James Melville Cox died when, according to the Japanese, he threw himself through a small fourth-floor window while eluding the two guards who always escorted prisoners. Another British agent, Vanya Ringer, was told that he would be dealt with the same way if he did not tell the truth. Cox’s widow told Ringer that Cox’s body had more than twenty needle marks on it.

Yet, on October 11, 1940, Freame boarded the SS Tanda and sailed for Tokyo, where suspected spies were thrown out of fourth-floor windows.

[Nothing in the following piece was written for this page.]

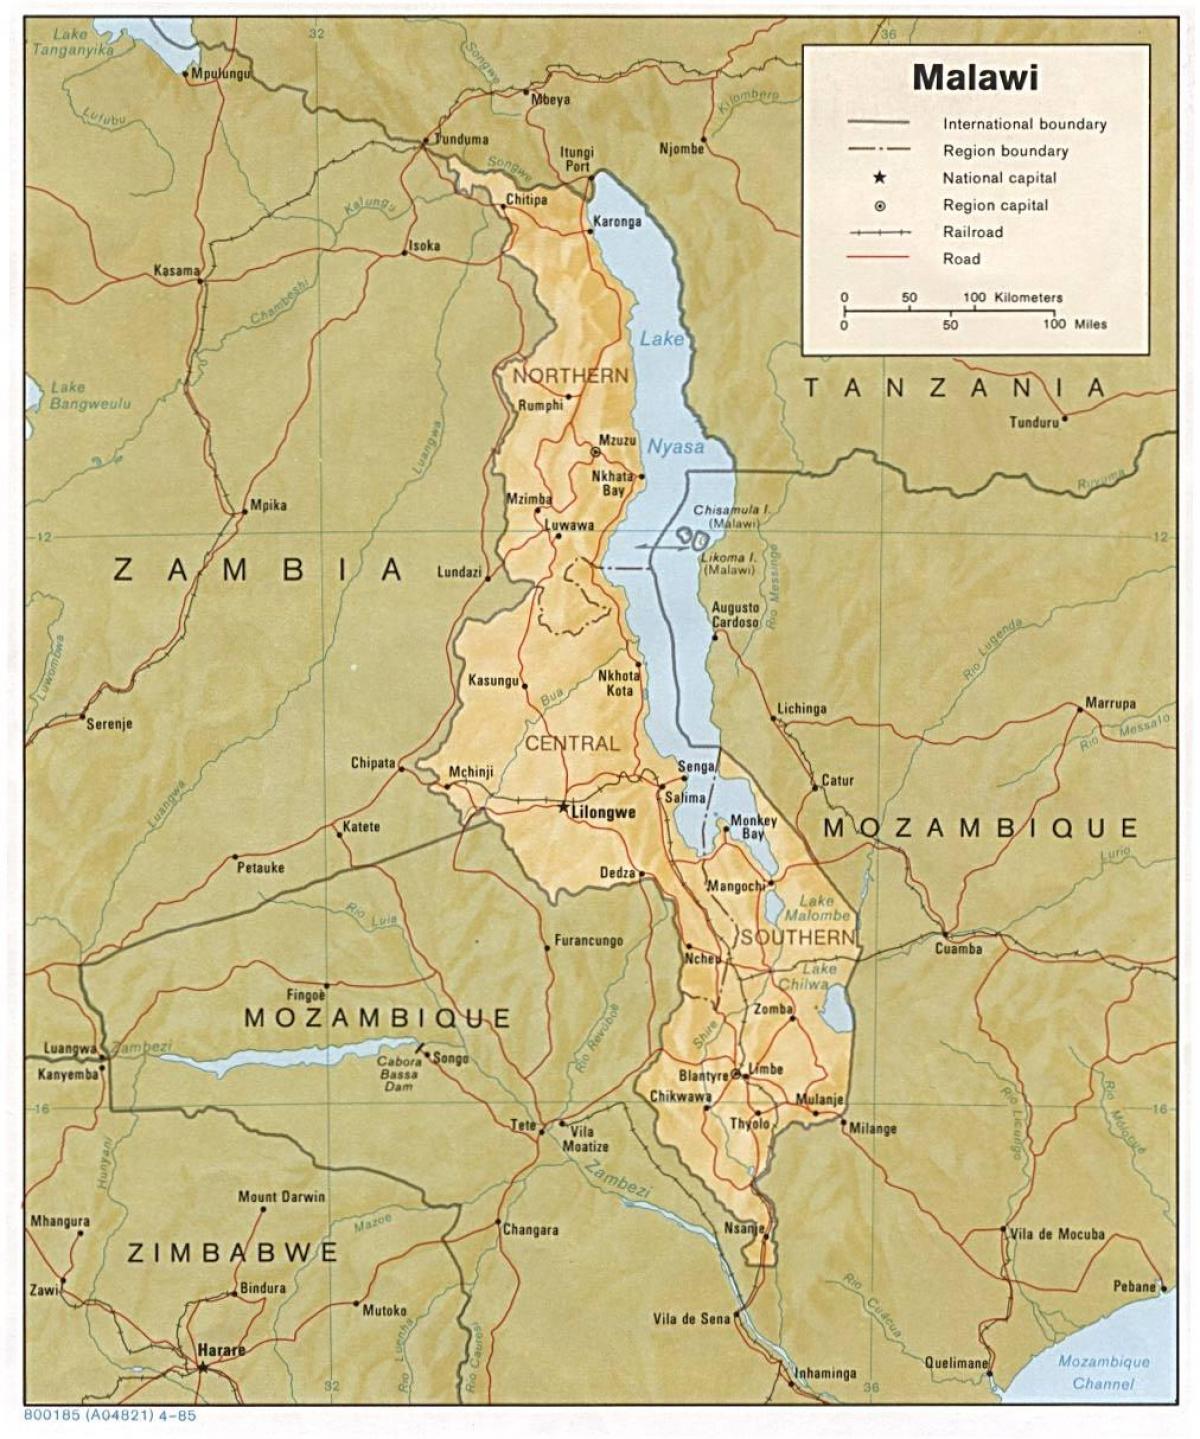 lake Malawi on map
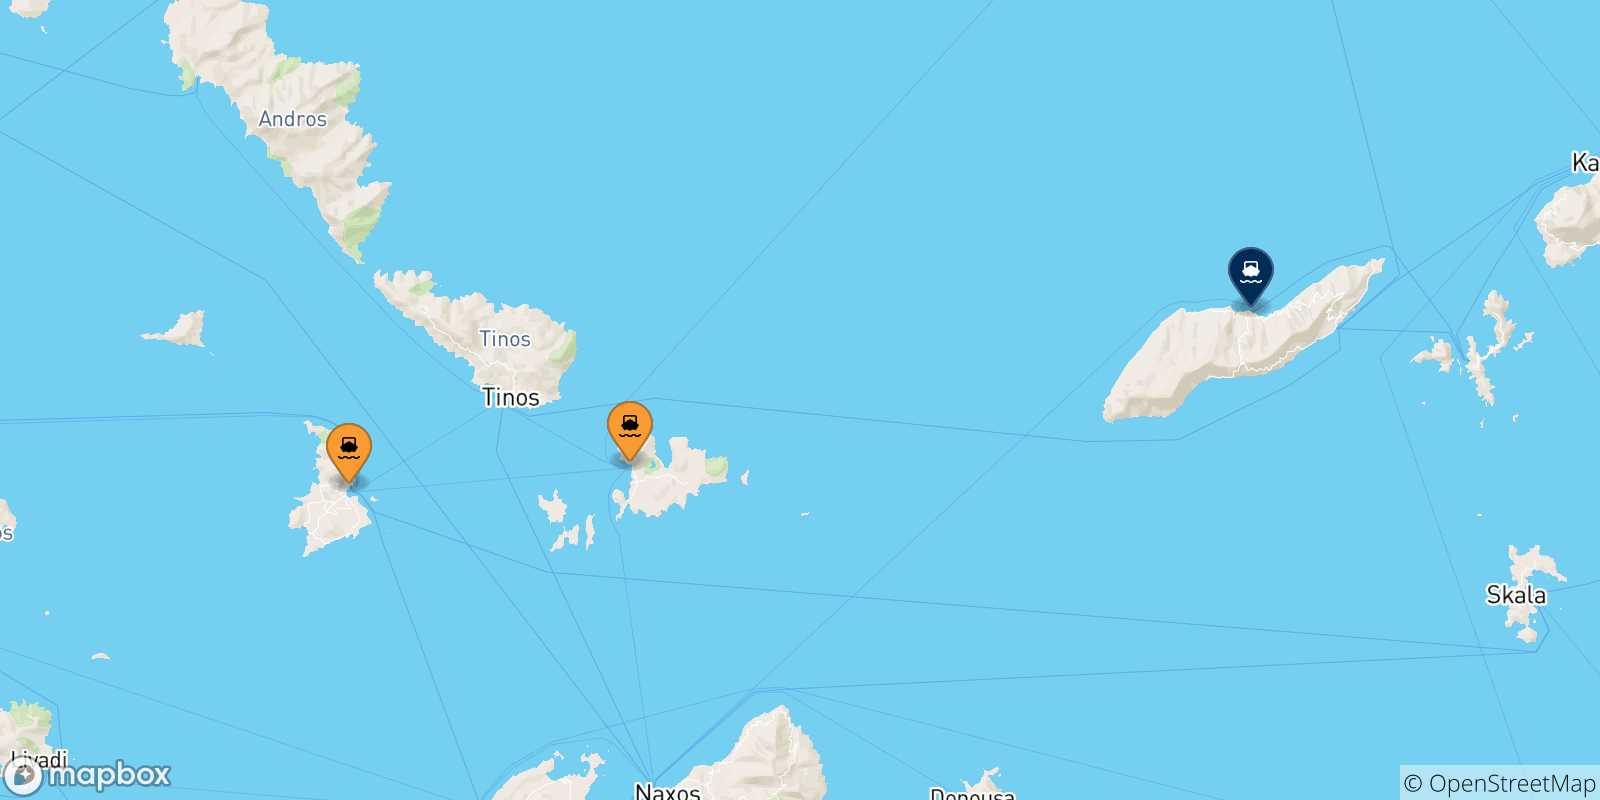 Mappa delle possibili rotte tra le Isole Cicladi e Agios Kirikos (Ikaria)

The outcome was a given and, although we have no evidence to support Harriett Freame’s claims, Harry Freame arrived in Japan and started his duties as an interpreter and odd job man around the legation. The Kempeitai took action and he was garrotted on a Tokyo street on January 27, 1941.

The evidence for this claim is entirely circumstantial, as it always will be in intelligence matters. One of the bits of evidence that stands out in the files is a letter that Harriett Freame wrote to E.E. Longfield Lloyd on June 16, 1941. She tells Lloyd that Freame had been very worried by the press reporting on his posting to Tokyo and that he said he was being “shadowed here and there after those silly people of The Sun” printed the story.

The importance of this letter is that it makes it clear that Lloyd had contacted Harriett first. In it, she thanks him for his “lovely letter and tribute to Harry” and adds. “I cannot write it but I would welcome an interview at anytime” and “I would love to tell you about it. I know it was as you say, but I don’t know if Sir John Latham is even aware.”

There is no copy of Lloyd’s letter in the archives and we do not know what it was that “was as you say”.

Longfield Lloyd did little for Freame or the family other than advising the Department of External Affairs that the “possibility of Mr Freame having received [his] injury in Japan is not a remote one”.

Harry Freame's last resting place:
Grave 0007 in Section D
of Macquarie Park Cemetery.

Even with this support from the head of the Security Service, there was no action to investigate Harry Freame’s death or to support his family beyond paying for his burial in an unmarked grave and providing Harriett Freame with an ex gratia payment. Even then, the Australian government embarrassed itself when the Cabinet approved the payment to Harriett of £100, 25 per cent of his annual salary, but then, acting on Treasury advice, reduced it to £50. Harry Freame’s grateful nation provided his family about six weeks’ salary.

By comparison, the British government paid James Cox’s widow £5000, a substantial sum of money in 1940, and substantial evidence that James Cox was an SIS officer working under the cover of journalism in Japan.

Today, we have the very great likelihood that Wykeham Henry Freame, Australia’s first clandestine intelligence operative to be killed serving his country, and a highly decorated ex-soldier, is lying in an unmarked grave in Sydney, unacknowledged and unwanted by his country.